▸ WORK TO BE COMPLETED:
Set down, word for word, the line with "Men's Powercourt Leather" and the lines after it through the final line of the data below, without pictures.

▸ RAW DATA:
= = =

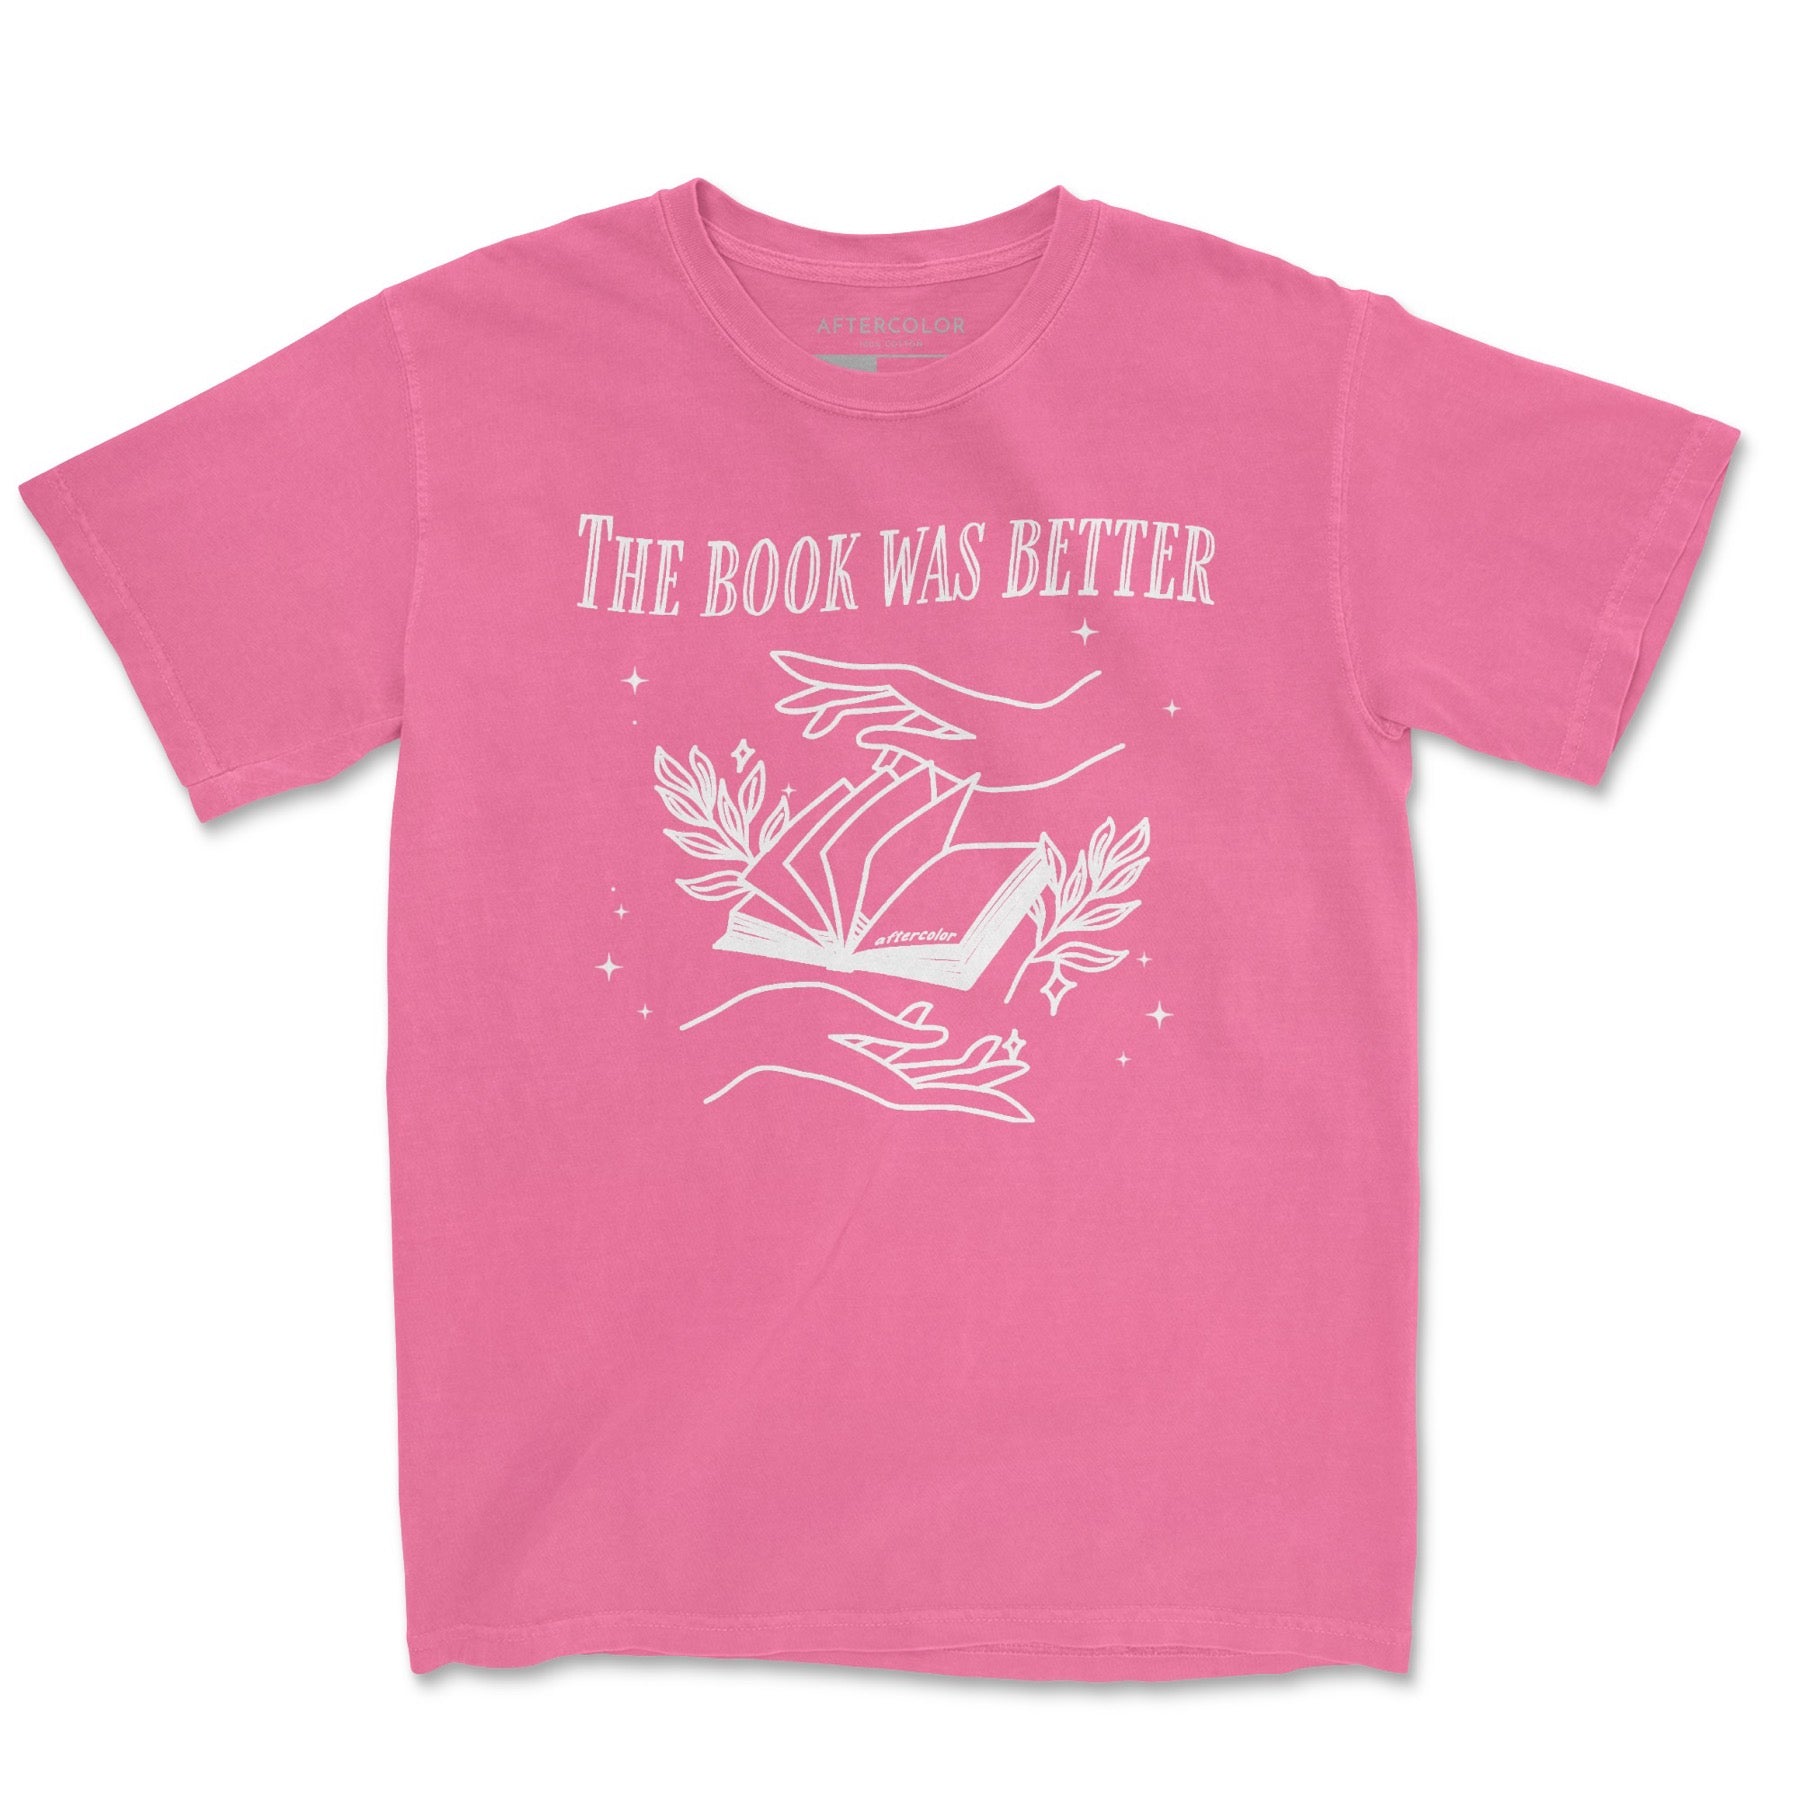 The Book Was Better Garment Dyed Tee Pink Edition
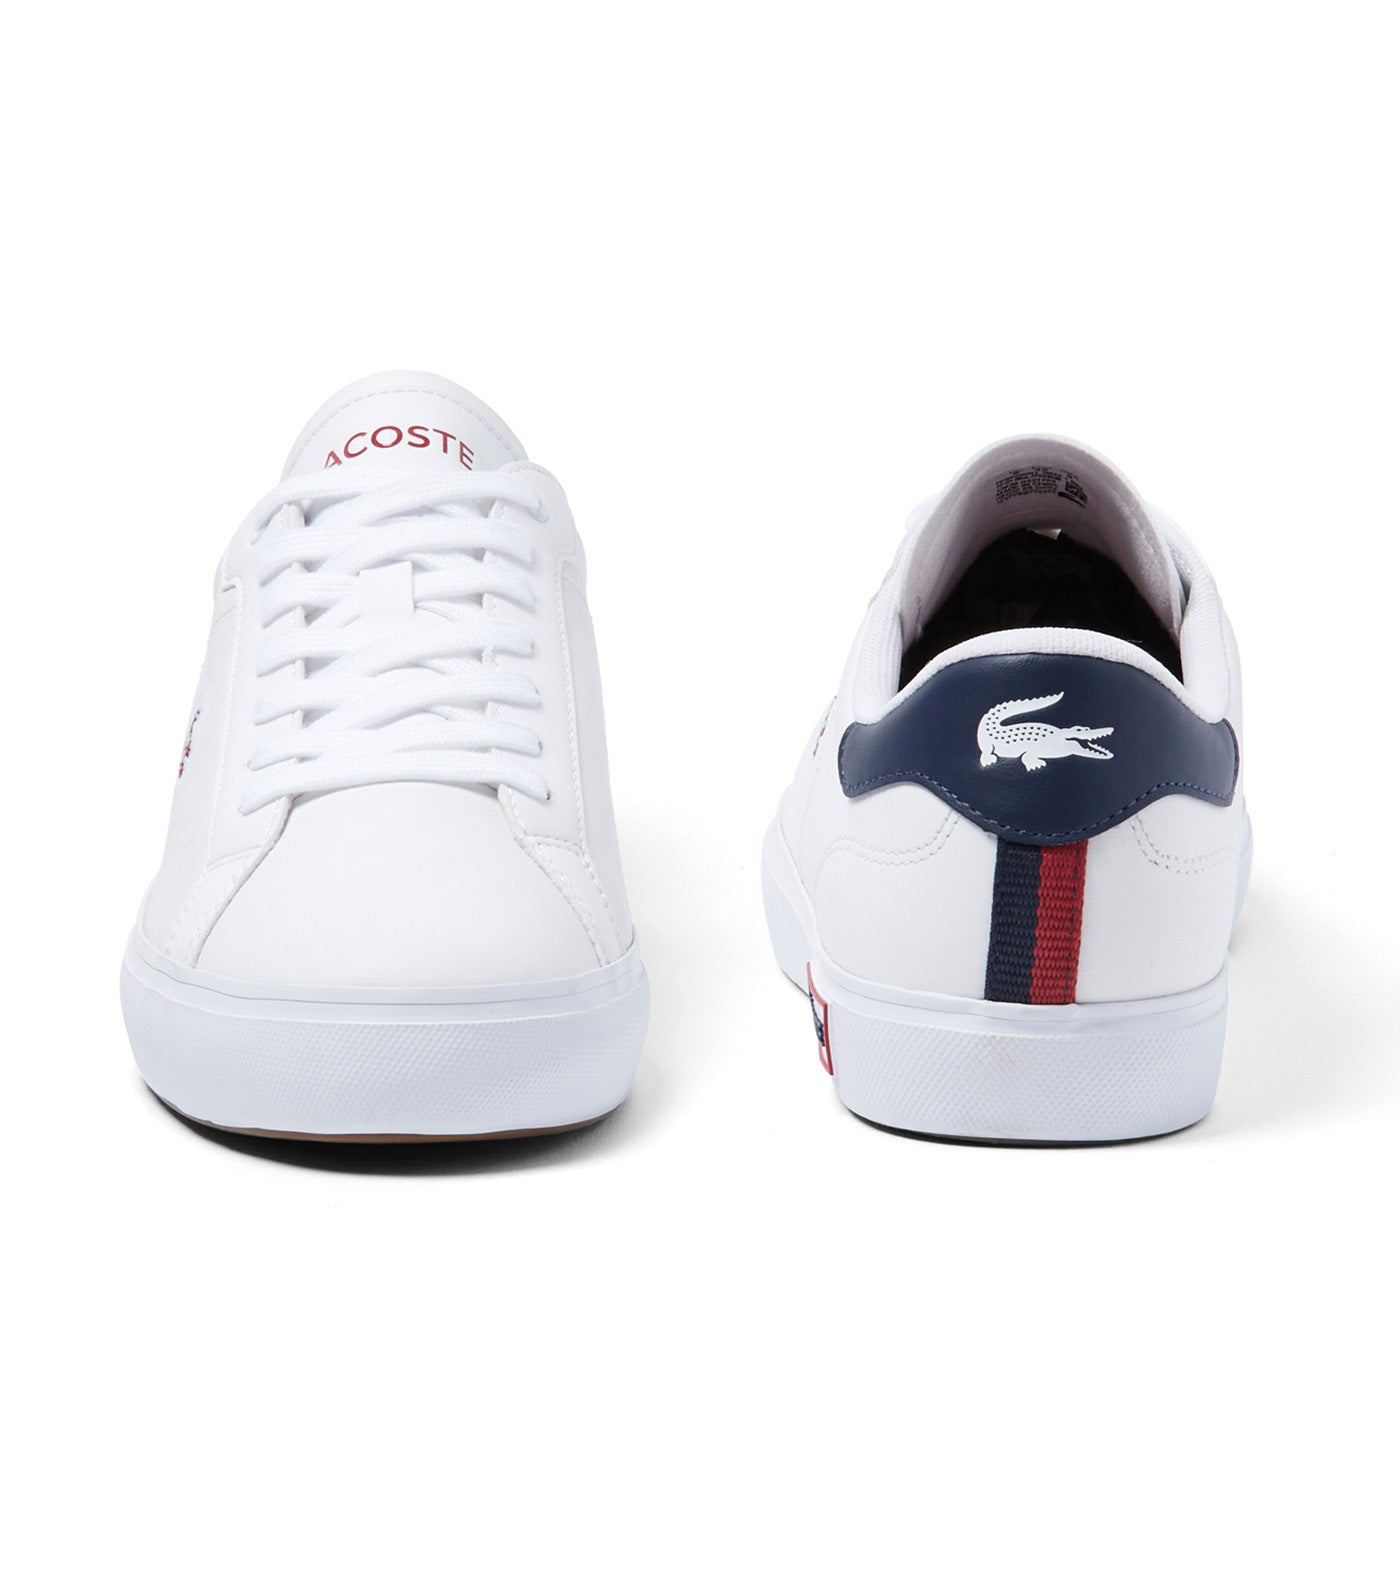 Men's Powercourt Leather Tricolour Trainers White/Navy/Red
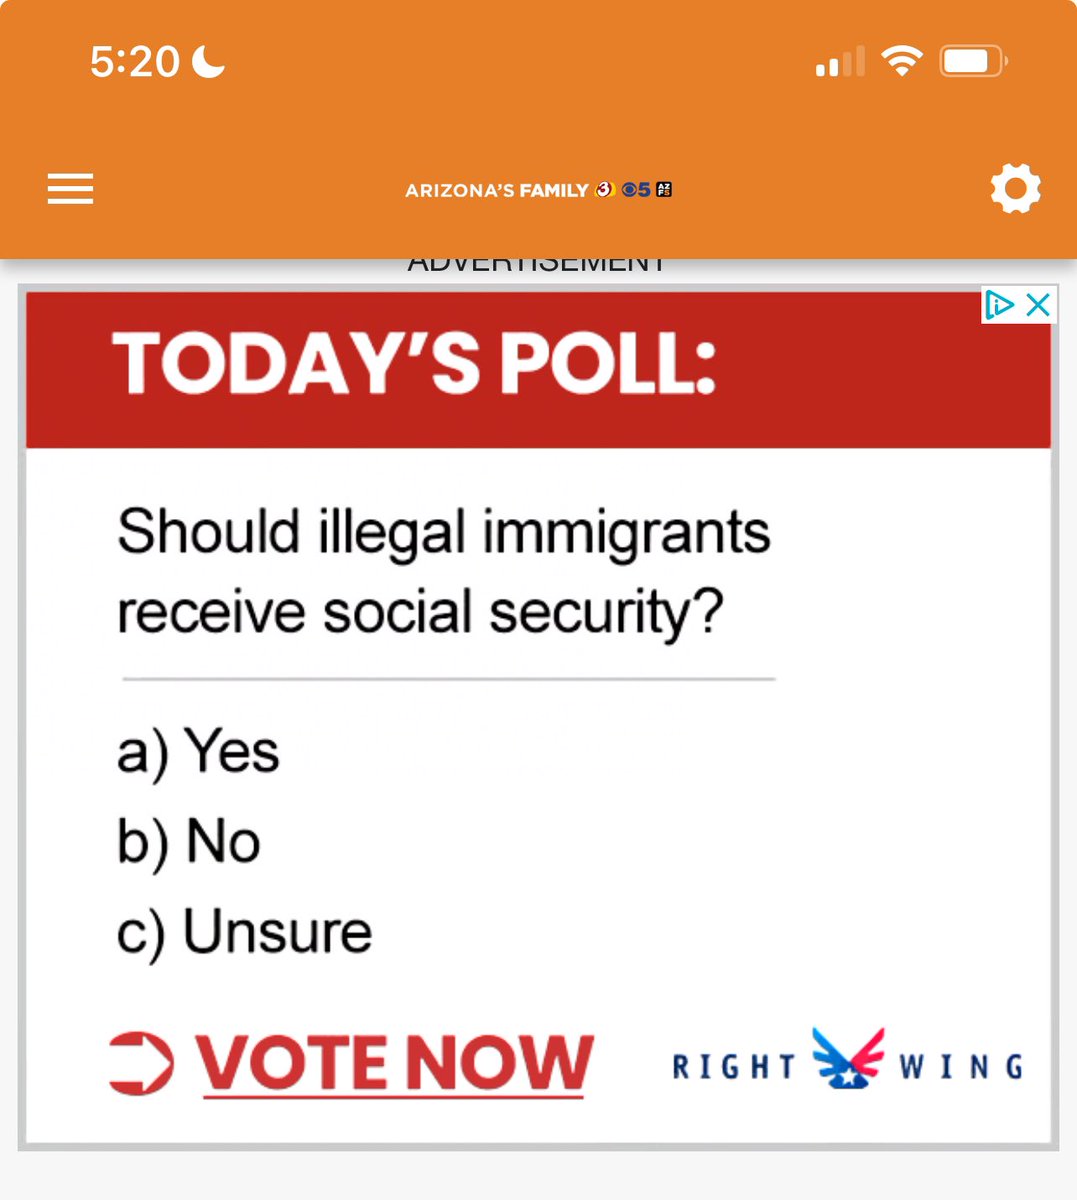 This is the bs 'poll' that our local Phoenix station puts on their app (not FOX). Infuriating.

= = =

▸ RESULT FOR THIS TASK:
 Men's Powercourt Leather Tricolour Trainers White/Navy/Red
 This is the bs 'poll' that our local Phoenix station puts on their app (not FOX). Infuriating.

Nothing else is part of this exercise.